In the aftermath of the U.S.’s 2004 election, electronic voting machines are again in the news. Computerized machines lost votes, subtracted votes instead of adding them, and doubled votes. Because many of these machines have no paper audit trails, a large number of votes will never be counted. And while it is unlikely that deliberate voting-machine fraud changed the result of the presidential election, the Internet is buzzing with rumors and allegations of fraud in a number of different jurisdictions and races. It is still too early to tell if any of these problems affected any individual elections. Over the next several weeks we’ll see whether any of the information crystallizes into something significant.

The U.S has been here before. After 2000, voting machine problems made international headlines. The government appropriated money to fix the problems nationwide. Unfortunately, electronic voting machines—although presented as the solution—have largely made the problem worse. This doesn’t mean that these machines should be abandoned, but they need to be designed to increase both their accuracy, and peoples’ trust in their accuracy. This is difficult, but not impossible.

Before I can discuss electronic voting machines, I need to explain why voting is so difficult. Basically, a voting system has four required characteristics:

  1. Accuracy. The goal of any voting system is to establish the intent of each individual voter, and translate those intents into a final tally. To the extent that a voting system fails to do this, it is undesirable. This characteristic also includes security: It should be impossible to change someone else’s vote, ballot stuff, destroy votes, or otherwise affect the accuracy of the final tally.

  2. Anonymity. Secret ballots are fundamental to democracy, and voting systems must be designed to facilitate voter anonymity.

  3. Scalability. Voting systems need to be able to handle very large elections. One hundred million people vote for president in the United States. About 372 million people voted in India’s June elections, and over 115 million in Brazil’s October elections. The complexity of an election is another issue. Unlike many countries where the national election is a single vote for a person or a party, a United States voter is faced with dozens of individual election: national, local, and everything in between.

  4. Speed. Voting systems should produce results quickly. This is particularly important in the United States, where people expect to learn the results of the day’s election before bedtime. It’s less important in other countries, where people don’t mind waiting days—or even weeks—before the winner is announced.

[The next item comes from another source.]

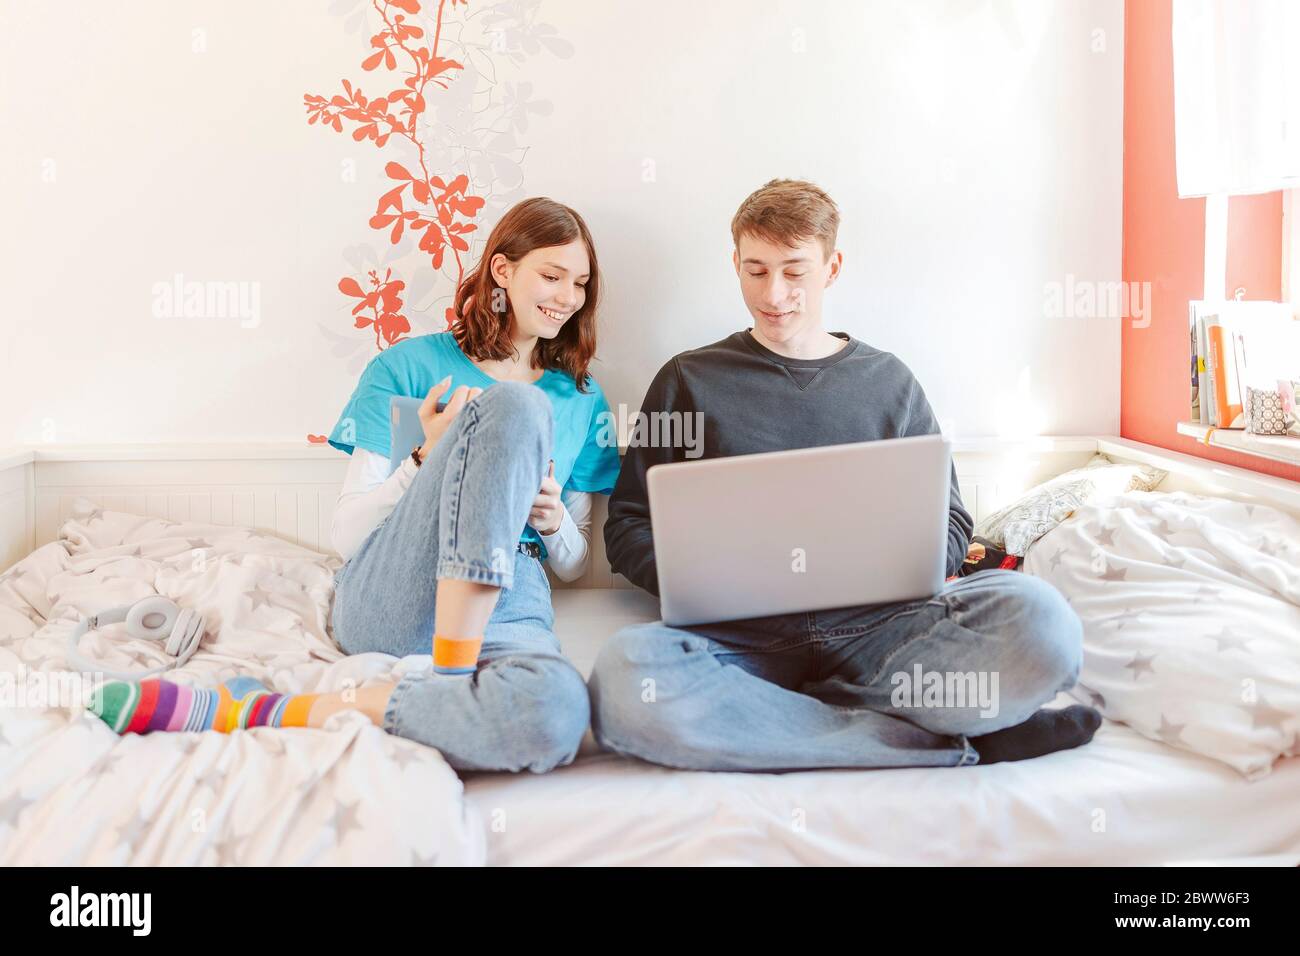 Portrait of teenage couple sitting together on bed learning with laptop Stock Photo

Through the centuries, different technologies have done their best. Stones and pot shards dropped in Greek vases gave way to paper ballots dropped in sealed boxes. Mechanical voting booths, punch cards, and then optical scan machines replaced hand-counted ballots. New computerized voting machines promise even more efficiency, and Internet voting even more convenience.

But in the rush to improve speed and scalability, accuracy has been sacrificed. And to reiterate: accuracy is not how well the ballots are counted by, for example, a punch-card reader. It’s not how the tabulating machine deals with hanging chads, pregnant chads, or anything like that. Accuracy is how well the process translates voter intent into properly counted votes.

Technologies get in the way of accuracy by adding steps. Each additional step means more potential errors, simply because no technology is perfect. Consider an optical-scan voting system. The voter fills in ovals on a piece of paper, which is fed into an optical-scan reader. The reader senses the filled-in ovals and tabulates the votes. This system has several steps: voter to ballot to ovals to optical reader to vote tabulator to centralized total.

At each step, errors can occur. If the ballot is confusing, then some voters will fill in the wrong ovals. If a voter doesn’t fill them in properly, or if the reader is malfunctioning, then the sensor won’t sense the ovals properly. Mistakes in tabulation—either in the machine or when machine totals get aggregated into larger totals—also cause errors. A manual system—tallying the ballots by hand, and then doing it again to double-check—is more accurate simply because there are fewer steps.

The error rates in modern systems can be significant. Some voting technologies have a 5% error rate: one in twenty people who vote using the system don’t have their votes counted properly. This system works anyway because most of the time errors don’t matter. If you assume that the errors are uniformly distributed—in other words, that they affect each candidate with equal probability—then they won’t affect the final outcome except in very close races. So we’re willing to sacrifice accuracy to get a voting system that will more quickly handle large and complicated elections. In close races, errors can affect the outcome, and that’s the point of a recount. A recount is an alternate system of tabulating votes: one that is slower (because it’s manual), simpler (because it just focuses on one race), and therefore more accurate.

Note that this is only true if everyone votes using the same machines. If parts of town that tend to support candidate A use a voting system with a higher error rate than the voting system used in parts of town that tend to support candidate B, then the results will be skewed against candidate A. This is an important consideration in voting accuracy, although tangential to the topic of this essay.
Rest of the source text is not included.